PROBLEM DESCRIPTION.
Go through the lines below and copy any that hold the string "Stockfoto".

EXCERPTED RECORDS.

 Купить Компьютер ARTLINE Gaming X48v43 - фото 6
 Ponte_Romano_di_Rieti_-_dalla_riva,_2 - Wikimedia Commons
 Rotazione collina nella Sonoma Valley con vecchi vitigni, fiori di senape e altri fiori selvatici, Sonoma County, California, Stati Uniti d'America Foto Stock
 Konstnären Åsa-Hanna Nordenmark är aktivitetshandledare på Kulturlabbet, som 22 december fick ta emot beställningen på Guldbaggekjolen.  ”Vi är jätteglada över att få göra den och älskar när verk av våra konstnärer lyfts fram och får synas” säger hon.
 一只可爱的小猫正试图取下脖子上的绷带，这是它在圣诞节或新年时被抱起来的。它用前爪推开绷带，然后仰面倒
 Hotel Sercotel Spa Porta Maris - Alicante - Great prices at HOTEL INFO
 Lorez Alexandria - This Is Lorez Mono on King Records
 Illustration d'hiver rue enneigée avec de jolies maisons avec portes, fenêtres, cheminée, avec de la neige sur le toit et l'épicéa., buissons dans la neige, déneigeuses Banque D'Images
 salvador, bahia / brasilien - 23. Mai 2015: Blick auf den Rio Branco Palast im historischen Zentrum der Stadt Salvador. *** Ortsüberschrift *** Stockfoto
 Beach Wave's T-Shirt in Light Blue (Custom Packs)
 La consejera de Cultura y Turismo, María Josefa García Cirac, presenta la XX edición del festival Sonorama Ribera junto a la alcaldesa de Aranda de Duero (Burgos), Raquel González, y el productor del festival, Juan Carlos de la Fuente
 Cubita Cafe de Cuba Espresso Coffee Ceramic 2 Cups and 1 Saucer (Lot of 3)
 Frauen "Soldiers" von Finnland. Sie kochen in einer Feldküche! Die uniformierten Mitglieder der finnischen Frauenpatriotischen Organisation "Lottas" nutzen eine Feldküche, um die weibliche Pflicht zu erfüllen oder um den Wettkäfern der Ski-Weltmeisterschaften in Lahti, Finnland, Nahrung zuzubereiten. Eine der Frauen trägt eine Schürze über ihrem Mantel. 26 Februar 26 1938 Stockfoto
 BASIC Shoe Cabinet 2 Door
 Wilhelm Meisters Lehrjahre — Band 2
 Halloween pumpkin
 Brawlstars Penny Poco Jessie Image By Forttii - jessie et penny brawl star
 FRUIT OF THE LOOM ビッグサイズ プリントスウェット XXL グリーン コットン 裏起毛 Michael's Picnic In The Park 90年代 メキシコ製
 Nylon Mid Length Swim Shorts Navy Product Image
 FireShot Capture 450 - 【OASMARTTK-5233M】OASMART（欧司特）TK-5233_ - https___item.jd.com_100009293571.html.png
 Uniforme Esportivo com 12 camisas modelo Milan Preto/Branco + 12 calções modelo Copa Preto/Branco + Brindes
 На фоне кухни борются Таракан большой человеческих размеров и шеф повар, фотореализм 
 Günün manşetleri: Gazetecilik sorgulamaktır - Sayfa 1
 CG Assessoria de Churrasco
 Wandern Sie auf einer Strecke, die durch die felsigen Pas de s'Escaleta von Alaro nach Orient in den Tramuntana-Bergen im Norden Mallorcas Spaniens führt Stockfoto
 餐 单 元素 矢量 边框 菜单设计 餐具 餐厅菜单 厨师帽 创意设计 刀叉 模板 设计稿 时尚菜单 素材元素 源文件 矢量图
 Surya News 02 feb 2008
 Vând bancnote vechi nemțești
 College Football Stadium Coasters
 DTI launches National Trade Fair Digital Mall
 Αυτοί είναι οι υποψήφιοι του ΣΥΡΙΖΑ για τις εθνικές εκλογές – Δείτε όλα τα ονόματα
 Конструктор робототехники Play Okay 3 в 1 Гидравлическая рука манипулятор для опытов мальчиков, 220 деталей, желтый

WRITTEN RESPONSE.
 salvador, bahia / brasilien - 23. Mai 2015: Blick auf den Rio Branco Palast im historischen Zentrum der Stadt Salvador. *** Ortsüberschrift *** Stockfoto
 Frauen "Soldiers" von Finnland. Sie kochen in einer Feldküche! Die uniformierten Mitglieder der finnischen Frauenpatriotischen Organisation "Lottas" nutzen eine Feldküche, um die weibliche Pflicht zu erfüllen oder um den Wettkäfern der Ski-Weltmeisterschaften in Lahti, Finnland, Nahrung zuzubereiten. Eine der Frauen trägt eine Schürze über ihrem Mantel. 26 Februar 26 1938 Stockfoto
 Wandern Sie auf einer Strecke, die durch die felsigen Pas de s'Escaleta von Alaro nach Orient in den Tramuntana-Bergen im Norden Mallorcas Spaniens führt Stockfoto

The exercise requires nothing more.